Born in 1946 in Horta, Azores, he spent his childhood in Aden, Egypt and Zanzibar, then studied French and German at Oxford University. He was the youngest writer ever to have a play staged in the West End, and was resident dramatist at the Royal Court Theatre in the late 1960’s.
His own stage plays include “When Did You Last See My Mother” (1966), performed at The Royal Court Theatre, “Total Eclipse” (1968), “The Philanthropist” (1970), “Savages” (1974), and “Treats” (1976).
His screenwriting credits include translations of classics such as Ibsen’s “A Doll’s House” (1970), “Tales from the Vienna Woods” (1977), and “Moliere’s Tartuffe” (1984), and his television work includes “The History Man” for the BBC, “The Ginger Tree” (1989), and Tales from Hollywood (1989).
In 1985 he wrote the play “Les Liaisons Dangereuses”, adapted and translated from the novel by Choderlos de Laclos, and later adapted it as a screenplay. The resulting film, “Dangerous Liaisons”, was an international success. He also wrote and directed “Carrington”, about the relationship of Lytton Strachey with the painter Dora Carrington.
Other work includes translations of Yasmina Reza’s work for the stage, and further versions of Chekhov and Odon von Horvath.
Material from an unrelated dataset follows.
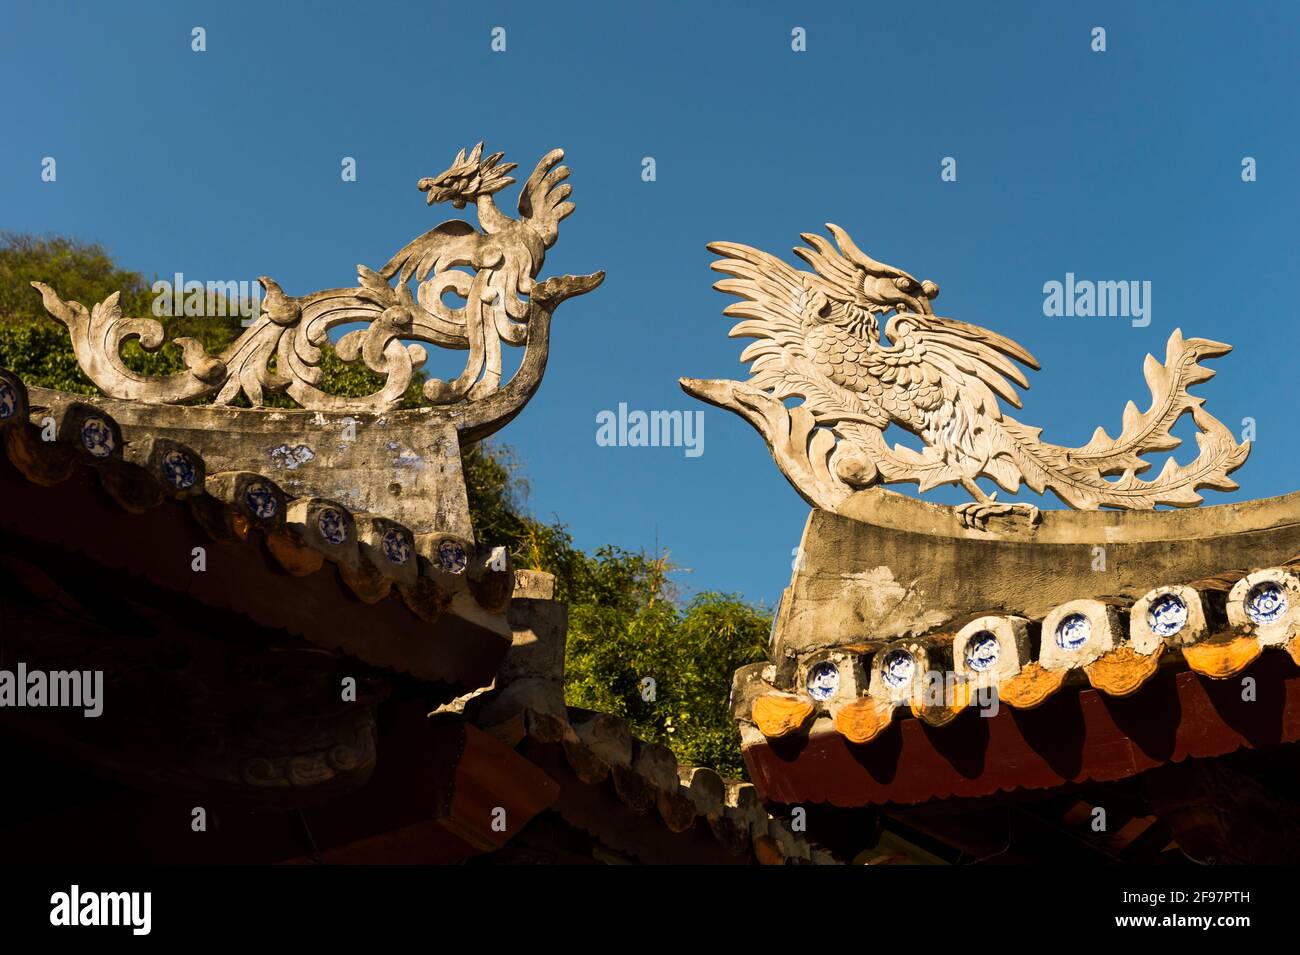 Vietnam, da Nang, montagne di marmo, tetto, dettaglio, drago, Foto Stock

He wrote the stage adaptation and co-wrote the lyrics for Andrew Lloyd Webber’s Sunset Boulevard, and the recent screenplay for the BAFTA nominated film, “Atonement” (2007), for which he was nominated for the Academy Award for Best Adapted Screenplay.
Hampton’s recent works include the plays “The Talking Cure” (2002) and “Appomattox” (2012), the musicals “Rebecca” (2012) and “Stephen Ward the Musical” (2013), and the film adaptations of “A Dangerous Method” (2011) based on John Kerr’s “A Most Dangerous Method”, “Ali and Nino” (2012) adapted from Kurban Said’s novel of the same name, and “The Thirteenth Tale” (2013), adapted for the BBC.